I dream of a courtyard where the bougainvillaea climbs on a white wall and absorbs the late afternoon light to an even deeper darker pink than Pauline from personnel’s party-pouncer lipstick. I close my eyes and smell frangipani on the evening air. A place where it is warm enough just to wear a flippy dress, many thousands of miles away from the cold dankness I intend to leave behind on the Piccadilly Line at HattonCross.
And through luck and dogged determination I find myself looking at that dreamed of late afternoon bougainvillaea doing its thing on the white wall in a palace courtyard. But I am still being tortured by George Michael, and I am almost as unthrilled about this as I would be swapping lipstick tips with Pauline in the loo of a Thames not-very-merry-Xmas party barge.
This is how Christmas was shaping up in Udaipur in Rajasthan. The dreamtime setting of Shiv Niwas Palace overlooking Picchola Lake had been transformed into a cross between Santa’s grotto and an Am Dram set for Scrooge. The central courtyard had a huge tree in the corner decorated fit to bust, and there were strange gnomes peering out of cotton wool all around the bottom. The entrance to the exquisite drawing room in the courtyard of the palace was flanked with over-sized speakers giving us George Michael, Rudolf and Co. and White Christmas on a constant loop. But possibly worst of all was the endless meterage of Yuletide buffet on Christmas Eve and Christmas night. It kicked off with roast turkey and bits at the east end of the groaning tables, passed through subcontinental and continental fare in tepid states under huge silver domes, and culminated, at its western nadir, with very thin slices of figgy pudding and cement-sturdy custard—just not what you fly 5,000 miles to have to face under the frangipani trees and a desert sky. But I did laugh very merrily when the reception manager made his way around the courtyard diners, rigged up in full Father Christmas gear and gumboots five sizes too big. He strode with giant gumboot-sized strides and ‘ho-ho’d’ with the best of them.

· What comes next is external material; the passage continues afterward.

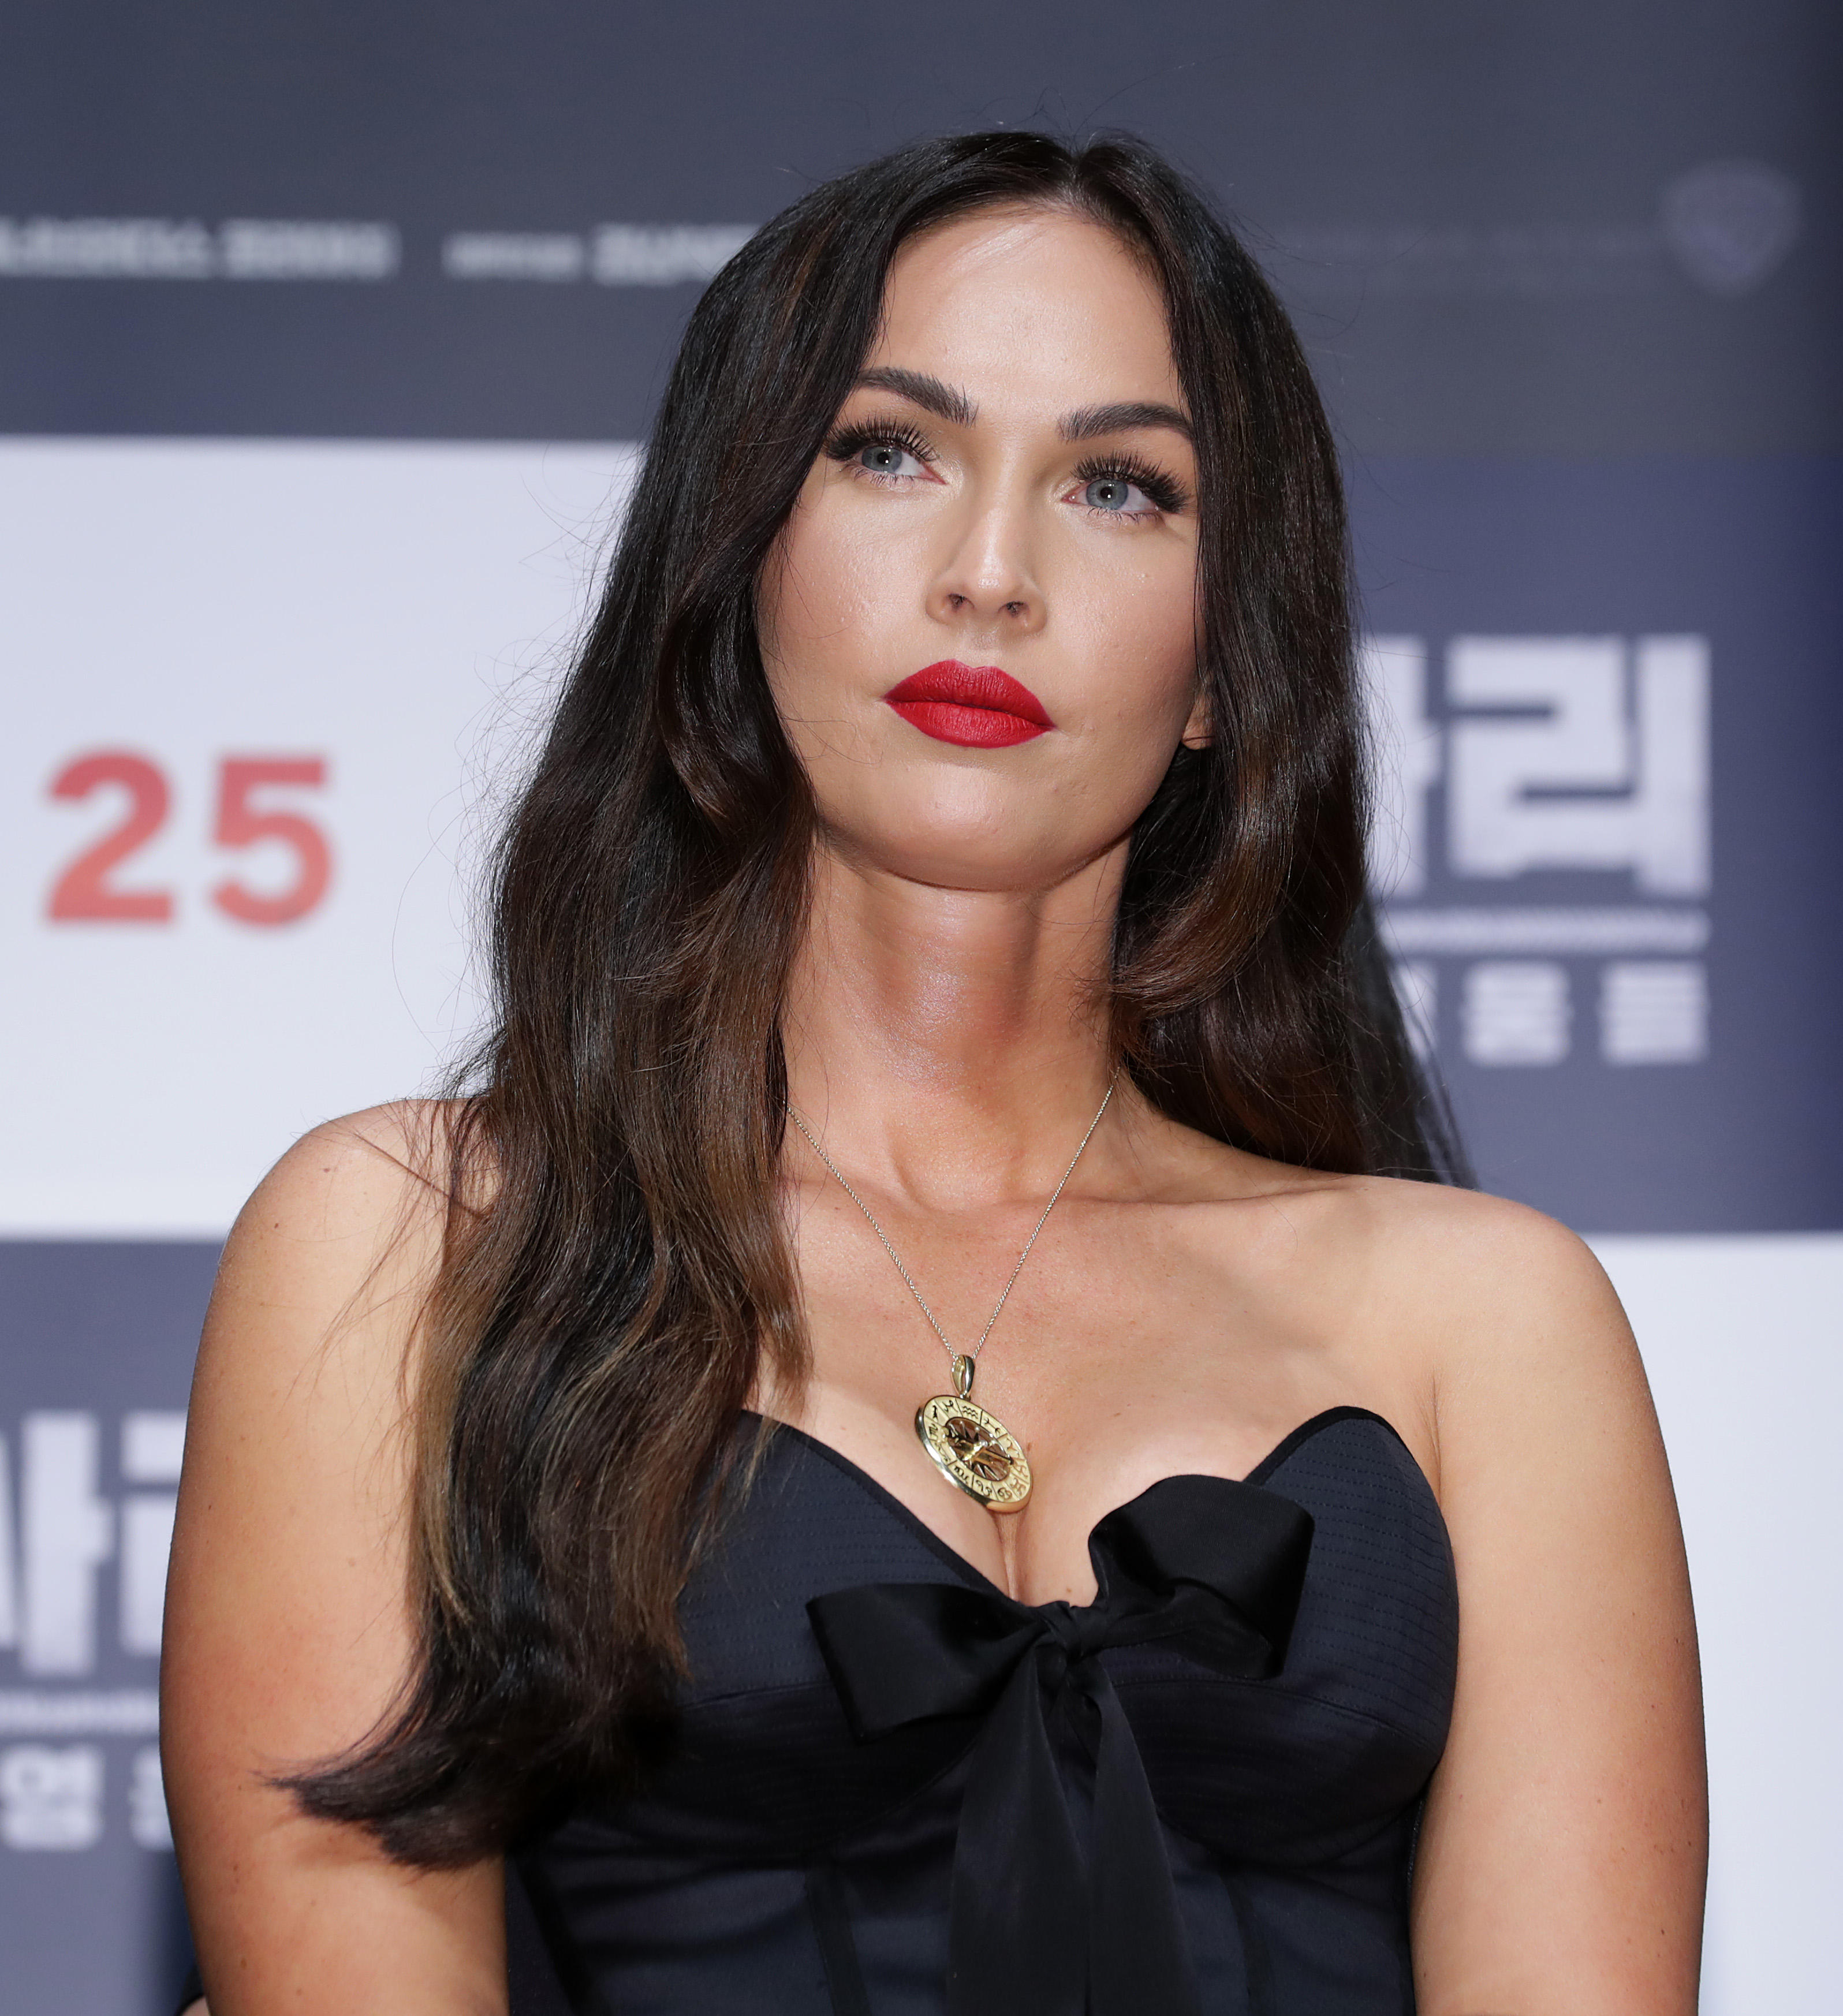 Megan Fox poses at an event in a dress with a bow detail

When I asked the big cheese at the palace he they felt it was important to recreate Christmas for people who were doing their utmost to get away from it all, he was nonplussed.

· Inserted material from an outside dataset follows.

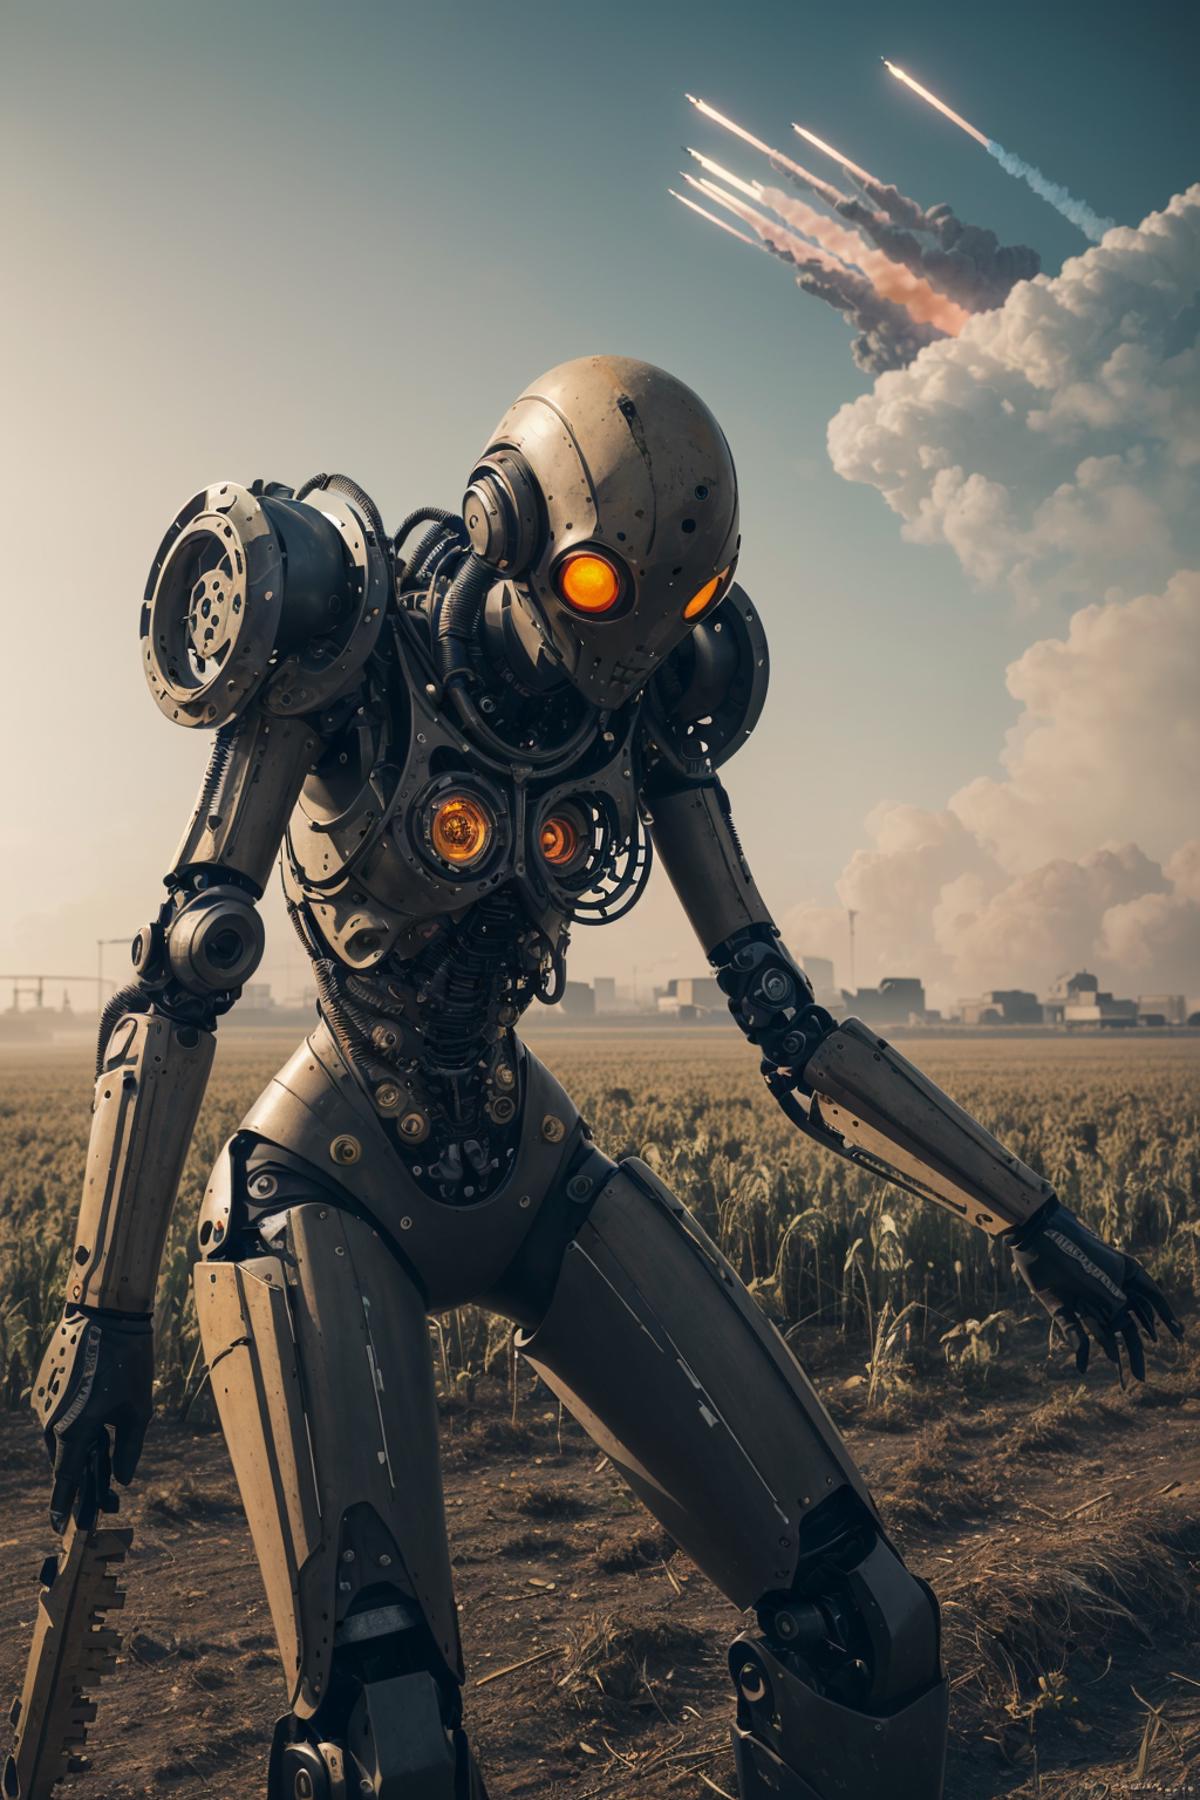 A large robotic figure with glowing eyes stands in a field, surrounded by power plants and industrial machinery.

‘We give them what they want,’ he had to almost shout to make himself heard over the carol cacophony as big-booted Father C ho-ho’d on by.
This was not what I wanted. And the booby prize goes to those at the Taj group of hotels who decided that it would be a good idea to cover the Lake Palace Hotel, that great white floating gem in the middle of Lake Picchola, in Christmas decorations awful enough to have been rejected by every sale dump bin west of Tehran. And a special mention for the plastic laughing Father Cs stuck on the windows with peeling Sellotape.

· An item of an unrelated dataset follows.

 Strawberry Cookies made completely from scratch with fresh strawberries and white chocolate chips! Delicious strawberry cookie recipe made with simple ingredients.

All was forgotten 45 minutes away through the scrub edges of the Thar desert, 45 glorious minutes away from Santas, both gum-booted and Sellotaped. I was not sure that anyone would ever be able to achieve in India what the owners of Devi Garh have created from a crumbling palace in just two years of restoration and construction. Devi Garh is possibly the first really unusual and seriously high calibre hotel in India that compares with any other unique property around the world. The external restoration is in full sympathy with the original palace fort build during the 18th century. The trick that the owners and architects have pulled off has been the creation of pure, rinsed modern interiors with design and attention to detail based on tradition while being utterly modern in execution.
The other great trump of Devi Garh is either through luck or ingenious design because the fort looks down on that rare gem, the perfect village. It is of such Rajasthani purity that you almost want to check with some of the gnarled ancients roaming the narrow streets whether they came from central casting via the Indian Tourist Board.
Memories of piped music and buffet acreage just disappeared in a cloud of desert dust on finding an alcove that hung over the gardens. The tall elegant waiter had to stoop to get through the secret doorway. And he did so without spilling a drop of champagne or breaking a single papaddum on his silver tray.